Roofman Bd5 ((install)) (LATEST — Playbook)

The story, as told in underground zines from the late ’90s, begins in a decommissioned airpark on the edge of a rust-belt city. A mechanic known only as Roofman —real name expunged from all but one police blotter in 1997—acquired a damaged BD-5 kit. Instead of restoring it for flight, he stripped it down to its carbon-fiber bones, mounted it on a motorized rooftop track, and began “flying” horizontally across the rooftops of a six-block radius. Witnesses described a low, insectoid silhouette skimming the skyline at 3 a.m., engines silent (the BD5’s piston variant, not the jet), propelled instead by a salvaged electric scooter motor.

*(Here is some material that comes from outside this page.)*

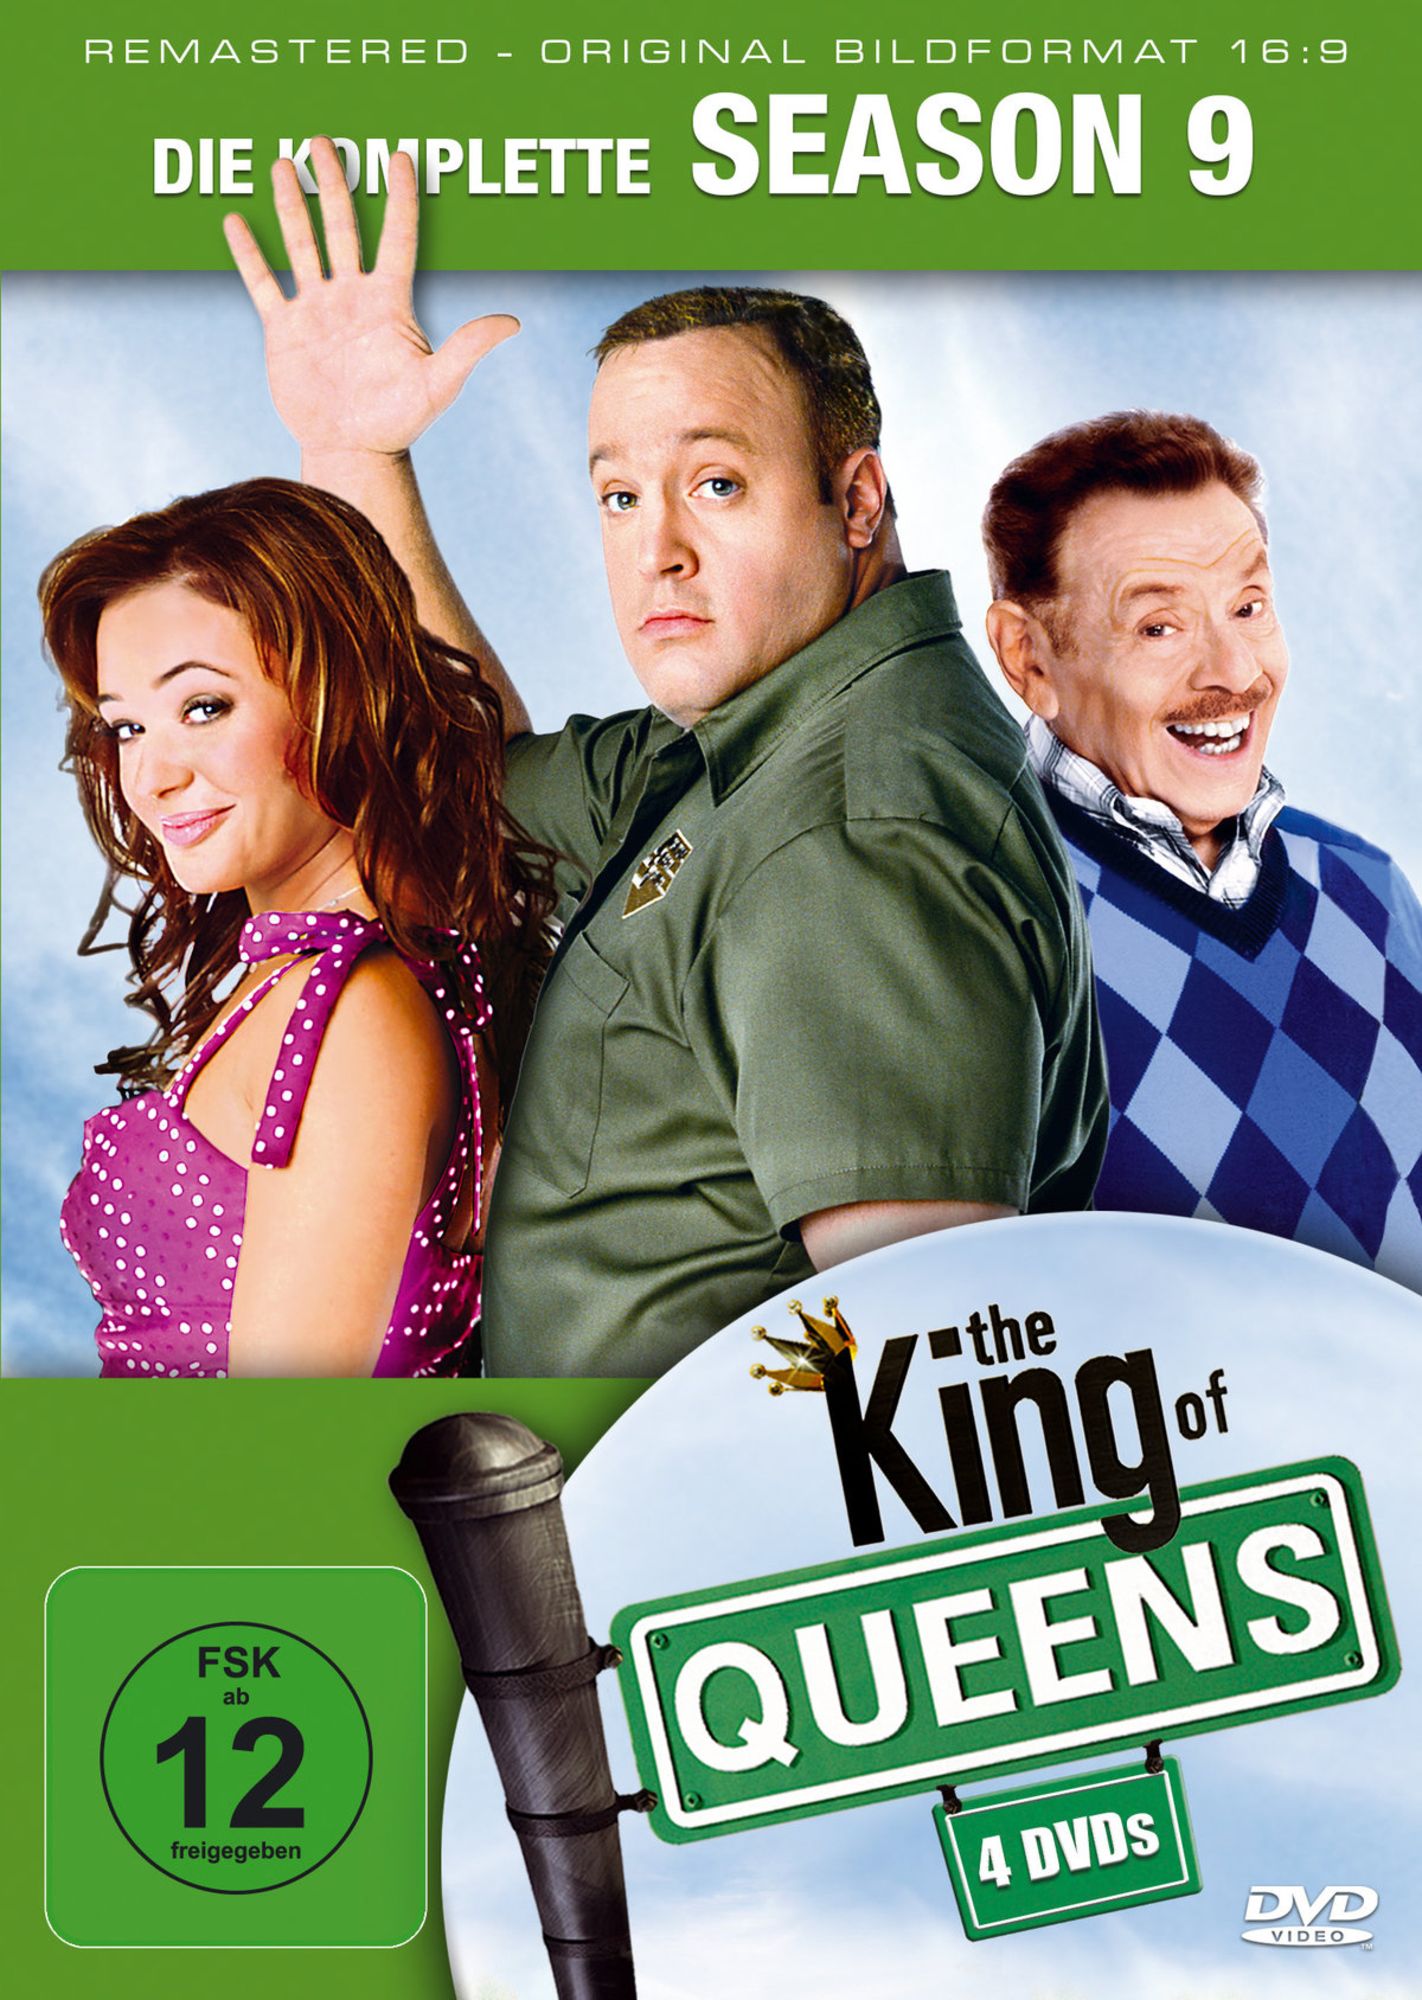 The King of Queens - Staffel 9' von 'Rob Schiller' - 'DVD

In the liminal geography between city infrastructure and aviation folklore, the name Roofman BD5 drifts like a half-remembered dream. To some, it’s the ghost of a failed prototype—a miniature jet-powered BD-5J Microjet that never touched a runway, but instead lived out its days atop parking garages and residential high-rises. To others, it’s a persona: a nocturnal urban climber who retrofitted a broken BD-5 fuselage onto a rooftop gantry, using it as a wind-sculpted shelter. roofman bd5

By 2004, the sightings stopped. The original rooftop track was dismantled, its rails sold for scrap. But every few years, a blurry photo surfaces on obscure forums—a sleek, tiny fuselage perched on a cornice, bathed in sodium-vapor light. Believers say Roofman didn’t disappear. He simply found a taller building. The story, as told in underground zines from

The BD5 became his signature. Roofman never claimed to fly—he “transitioned,” moving from roof to roof in a machine that was neither aircraft nor vehicle. Local lore says he left cryptic notes in drainpipes: “Altitude is a state of mind. The BD5 is just the key.” Witnesses described a low, insectoid silhouette skimming the

Whether legend, hoax, or melancholic poetry in metal, Roofman BD5 endures as a symbol of beautiful uselessness: a man who built a flying machine only to keep it tethered to the ground—but just barely.